DRD does not report lock order violation, although it could have.

As regards detecting when mutex is allocated or not. The reproducer unfortunately does not invoke none of pthread_mutex_init() or pthread_mutex_destroy().
If you disassemble the resulting binary, you'll see calls to gthread_mutex_lock() and gthread_mutex_unlock().

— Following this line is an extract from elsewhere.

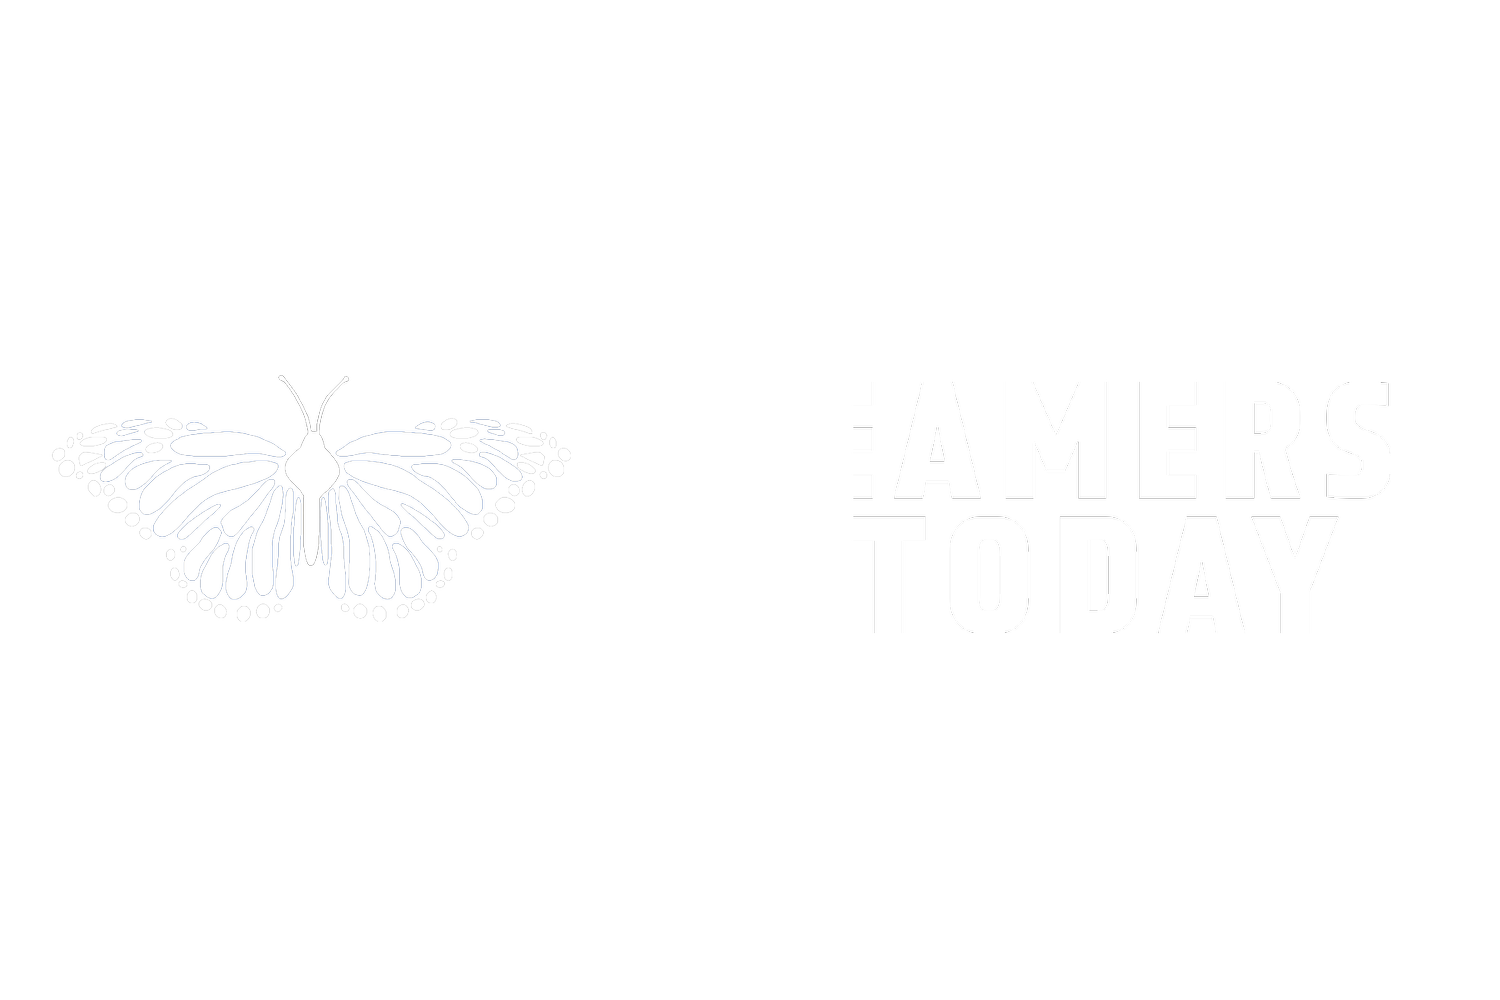 Dreamers of Today

However no calls to init or destroy - they are implicit.

At this point I think you need to teach your program to annotate for this.
See Valgrind manual [1] and also these hints [2].

[1] http://valgrind.org/docs/manual/drd-manual.html#drd-manual.C++11
[2] http://valgrind.org/docs/manual/hg-manual.html#hg-manual.effective-use
Comment 6 Gregory Nilsson 2017-05-09 08:11:31 UTC
Created attachment 105409 [details]
test case with mutex wrapper
Comment 7 Gregory Nilsson 2017-05-09 08:12:57 UTC
Created attachment 105411 [details]
log when using wrapper
Comment 8 Gregory Nilsson 2017-05-09 08:13:34 UTC
I've created a wrapper for the std::mutex (updated test code attached),
with VALGRIND_HG_MUTEX_INIT_POST/VALGRIND_HG_MUTEX_DESTROY_PRE in its constructor/destructor.
The lock order violation error is now gone (log attached).

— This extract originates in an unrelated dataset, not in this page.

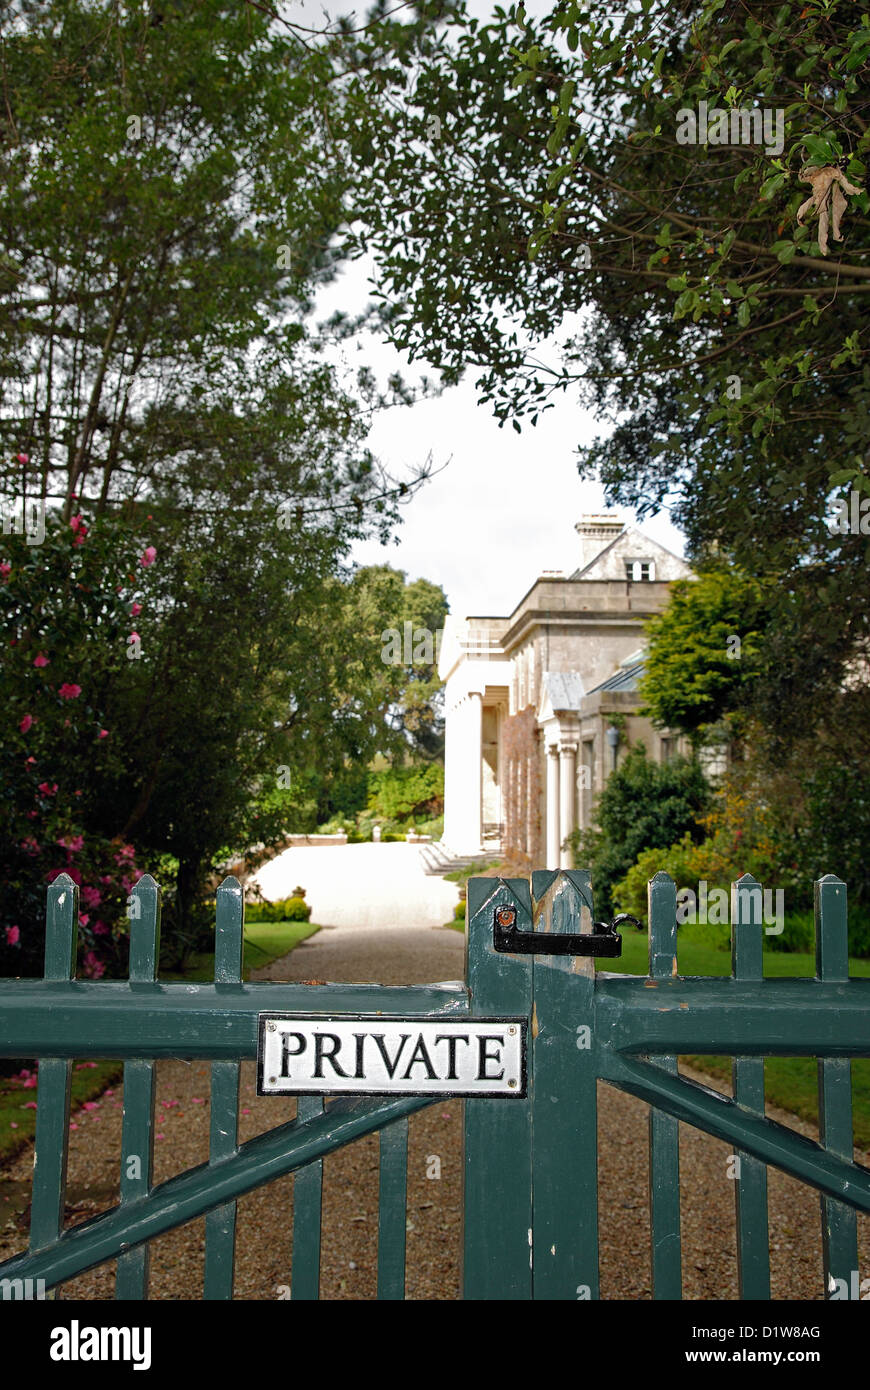 A private sign on the gate of a large house Stock Photo

Is this how I should do it if I want helgrind to handle std::mutex correctly?
Comment 9 Paul Floyd 2023-09-12 08:17:59 UTC
There are two ways to initialize a pthread_mutex_t object:
call pthread_mutex_init() or
use the static initializer PTHREAD_MUTEX_INITIALIZER

The function way is "nice" from a Valgrind perspective since we can intercept the function and record the initialization, as well as check that it gets destroyed.

The static initializer is less nice - Valgrind doesn't see anything so can't do any create/destroy validation.

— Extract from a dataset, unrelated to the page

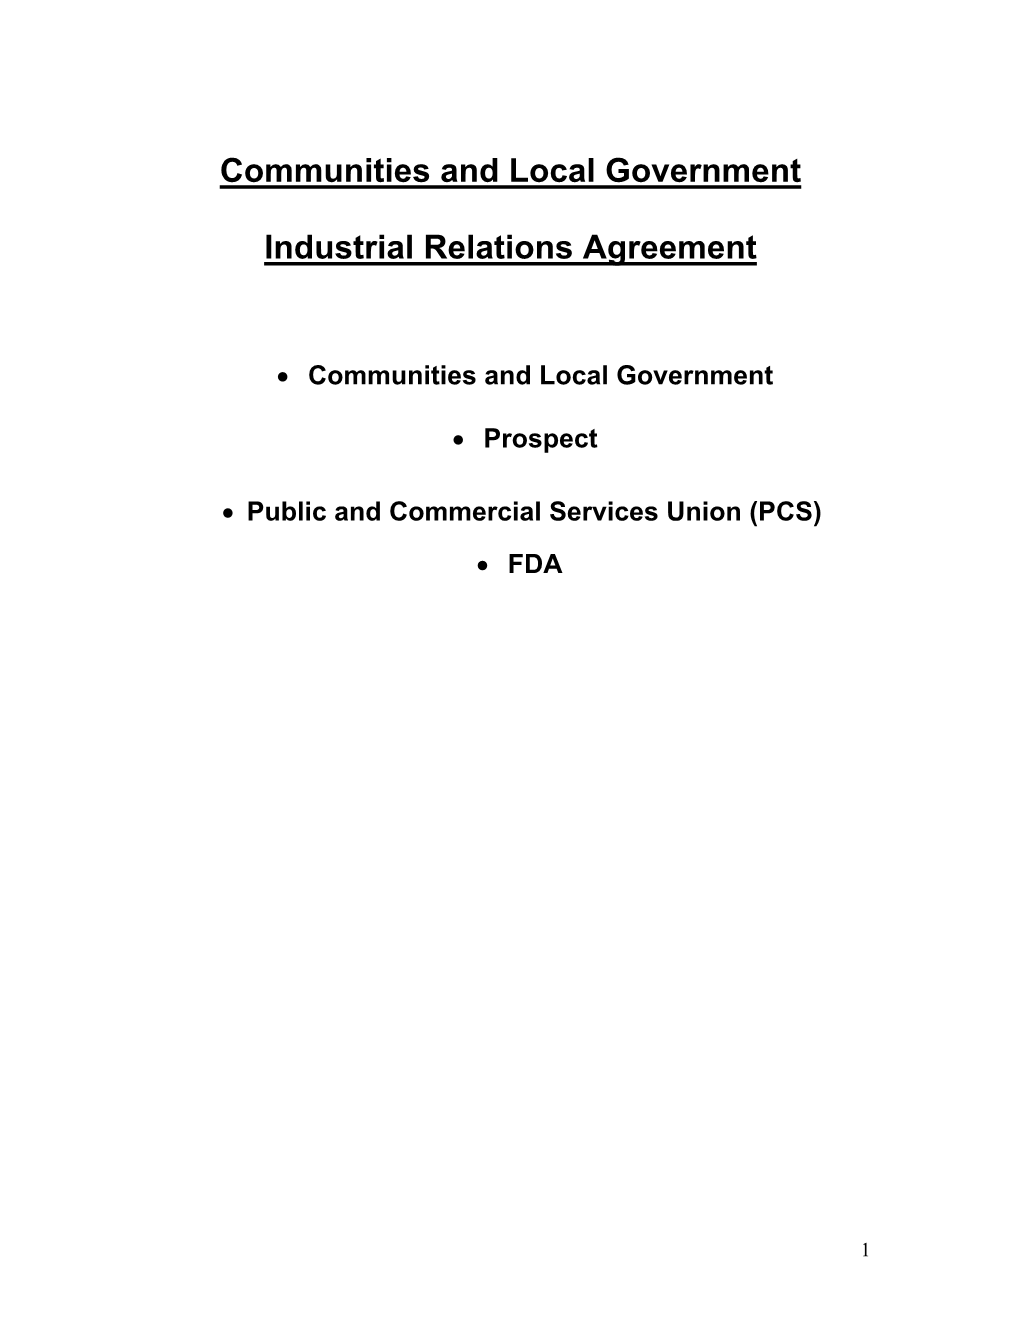 Communities and Local Government Industrial Relations Agreement

llvm looks like it uses static initialization:

    __libcpp_mutex_t __m_ = _LIBCPP_MUTEX_INITIALIZER;

Not surprising, I expect that it's faster and does the same thing.

libstdc++ code is more complicated and depends on whether __GTHREAD_MUTEX_INIT is defined or not. If it is then static initialization is used. Which is the case for posix systems.

Other than modifying your C++ standard library and writing a wrapper there's no easy fix.
Comment 10 Paul Floyd 2023-09-13 08:37:17 UTC
I still get the same error with CGG 11.2.

Your wrapper looks right to me, as long as the pthread_mutex_t is the very first thing in the maemory layout of the std::mutex. That's the case for GCC libstdc++ and I suspect also for LLVM libc++.